There is substantial evidence that T-cells are off balance in antineutrophil cytoplasmic antibody (ANCA)-associated vasculitides. Genetic risk factors may influence shaping of the TCR repertoire and regulatory control of T-cells in predisposed individuals. T-cells are found in inflammatory lesions. Vigorous Th1-type responses are seen in Wegener's granulomatosis and microscopic angiitis, whereas a Th2-type response predominates in Churg-Strauss syndrome. Oligoclonality and shortened telomers indicate antigen-driven clonal expansion and replicative senescence of T-cells in ANCA-associated vasculitides.

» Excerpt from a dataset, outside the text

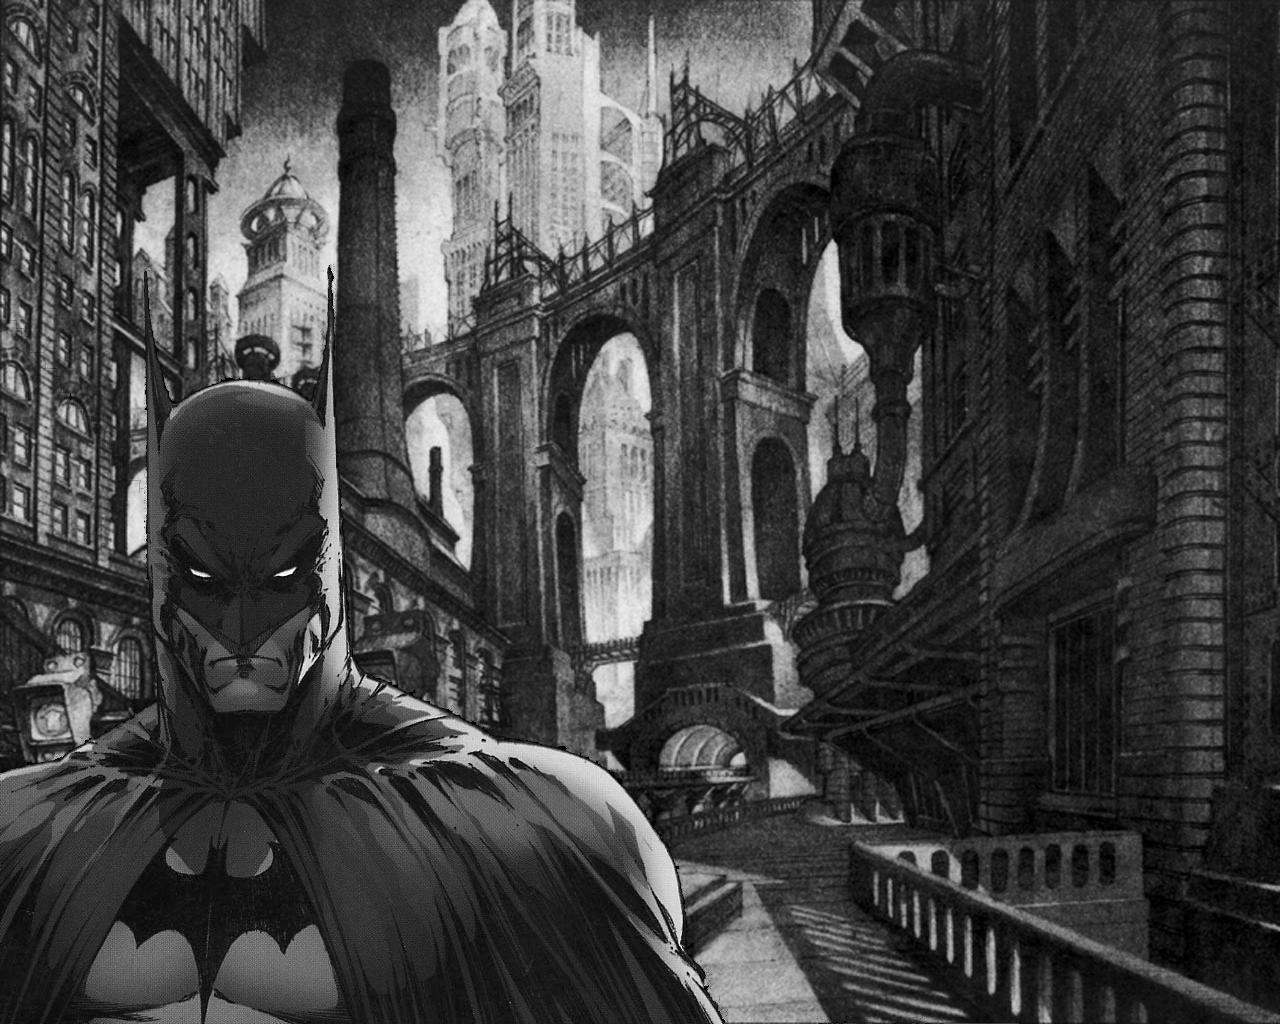 http://4.bp.blogspot.com/-I_c9QJA_jPI/ToGbZWOTIUI/AAAAAAAAAFk/gRENTVGqgPA/s1600/batman-cartoon-wallpaper-22-772260.jpg
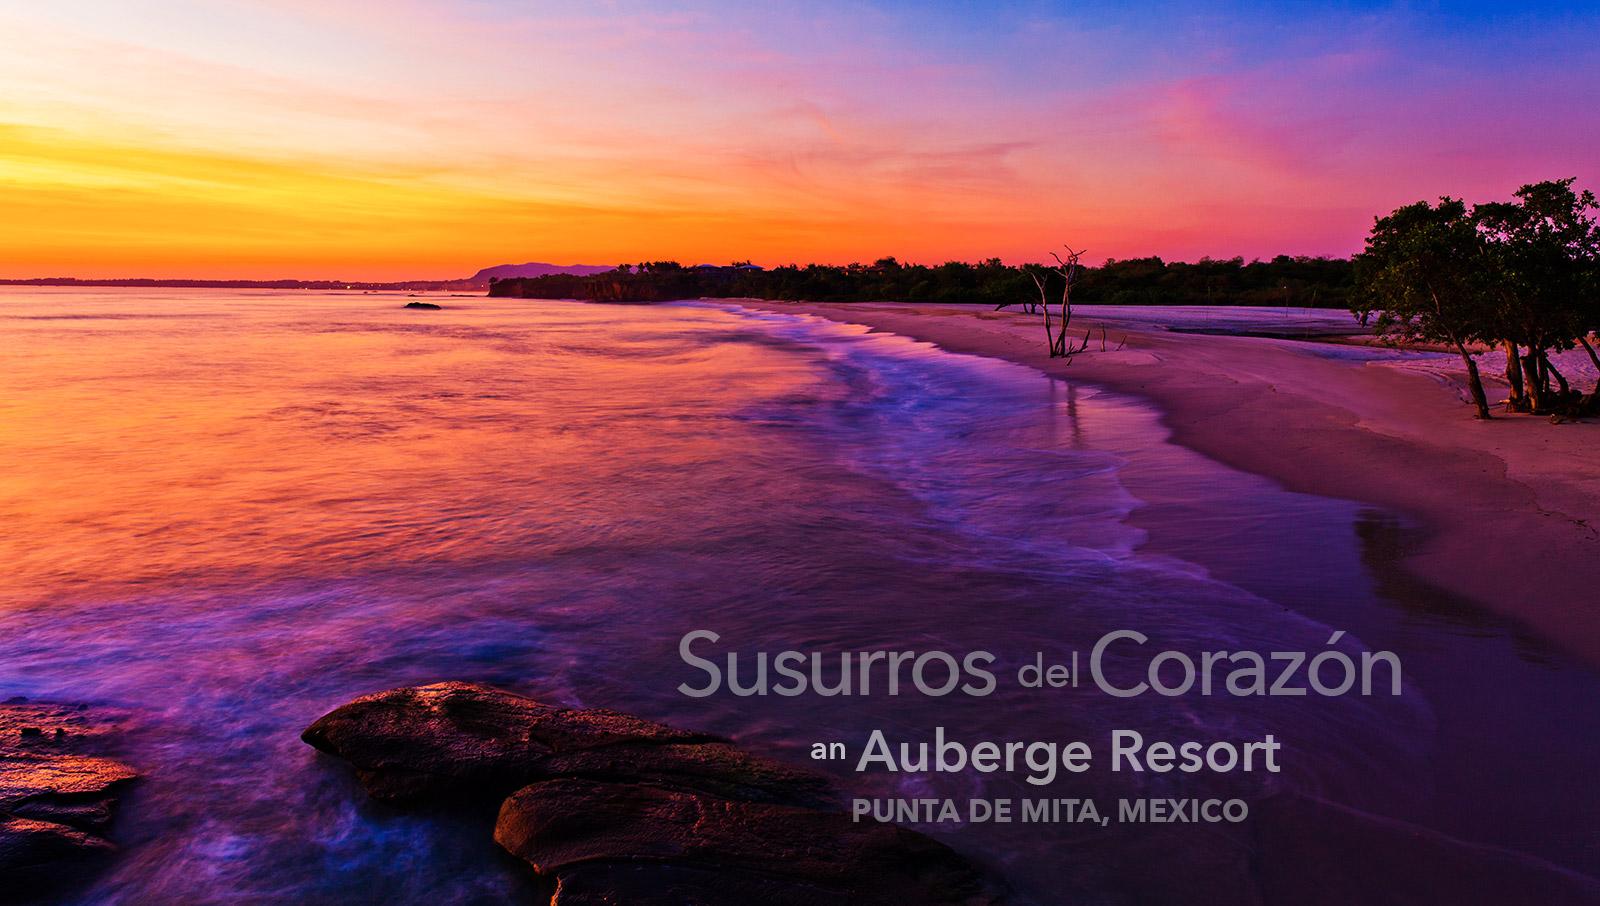 Auberge Residences, Punta de Mita, Riviera Nayarit, Mexico

Potent CD28- Th1-type cells displaying an effector-memory/late differentiated, senescent phenotype are expanded in peripheral blood and are found in granulomatous lesions in Wegener's granulomatosis. Differences in proliferative peripheral blood T-cell responses to the autoantigens proteinase 3 (PR3)- and myeloperoxidase (MPO) have not consistently been detected between patients with ANCA-associated vasculitides and healthy controls in vitro. To recognize an autoantigen, break tolerance, and maintain autoimmune disease T- and B-cells require particular triggers and lymphoid structures. There is preliminary evidence of lymphoid-like structures and possible maturation of autoreactive PR3-ANCA-specific B-cells in granulomatous lesions in Wegener's granulomatosis. Alteration of the T-cell response and anomalous autoantigen-presentation in lymphoid-structures could facilitate development of autoimmune disease in ANCA-associated vasculitides.

Original languageEnglish
JournalClinical and Experimental Immunology
Issue number2
Pages (from-to)201-210
Number of pages10
Publication statusPublished - 08.2005

Research Areas and Centers

  • Academic Focus: Center for Infection and Inflammation Research (ZIEL)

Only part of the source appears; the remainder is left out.